A literatura africana, como um conjunto de obras literárias que
traduzem uma certa africanidade, toma esta designação porque a
África é o motivo da sua mensagem ao mundo, porque os processos
técnicos da sua escrita se erguem contra o modismo europeu e
europeizante. John chamou-a de literatura Neo-africana por ser escrita
em línguas europeias e para diferenciá-la da literatura oral produzida
em língua africana. Nesta literatura, o centro do universo deixa de ser
o homem europeu e passa a ser o homem africano.

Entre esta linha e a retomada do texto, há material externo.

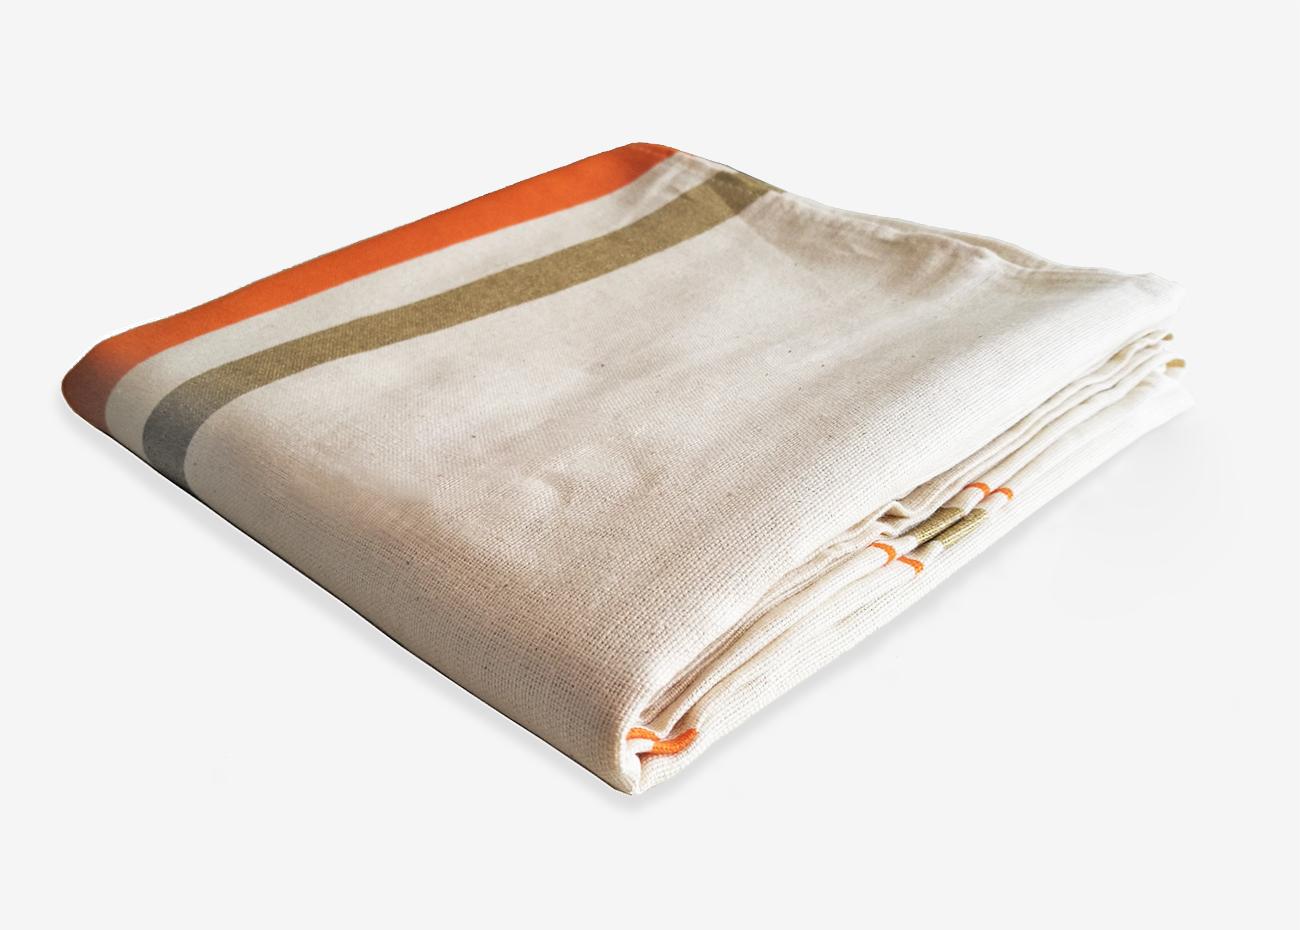 Dettaglio telo in cotone india personalizzato

É necessário frisar que este tipo de literatura, chamada literatura
africana de expressão portuguesa, ganha uma nova especialização,
tomando a designação de literatura de raiz africana. Esta literatura
teve a sua origem através do confronto, da rebelião literária, linguística
e ideológica, da tomada de consciência revolucionária a partir da
década de 40 (século XIX). Importa referir que era uma literatura
dirigida particularmente aos africanos e escrita em línguas locais em
mistura com o "português", pois o propósito era tornar a escrita
inacessível aos europeus, isto é, não permitir ao homem branco
descodificar as suas mensagens. Daí a introdução nas obras de
poetas angolanos (Agostinho Neto, António Jacinto, Pinto de Andrade,
Luandino Vieira, etc.) de palavras e frase idiomáticas em quimbundo e
umbundo, e em muitos outros autores africanos como Mutimati
Bernabé João (Moçambicano).
Esta fase vai de meados da década de 40 até às independências
(meados da década de 70). “A vida verdadeira de Domingo
Chavier” de Luandino Vieira e “Sagrada esperança” de Agostinho Neto
são textos impregnados de marcas visíveis da revolta política que
mais se traduzem nos quatros cantos do mundo.
A literatura africana combate o exotismo sob todas as formas, quer se
apresente recuperando narrativas tradicionais, quer utilize ritmos
significantes emprestados das culturas populares.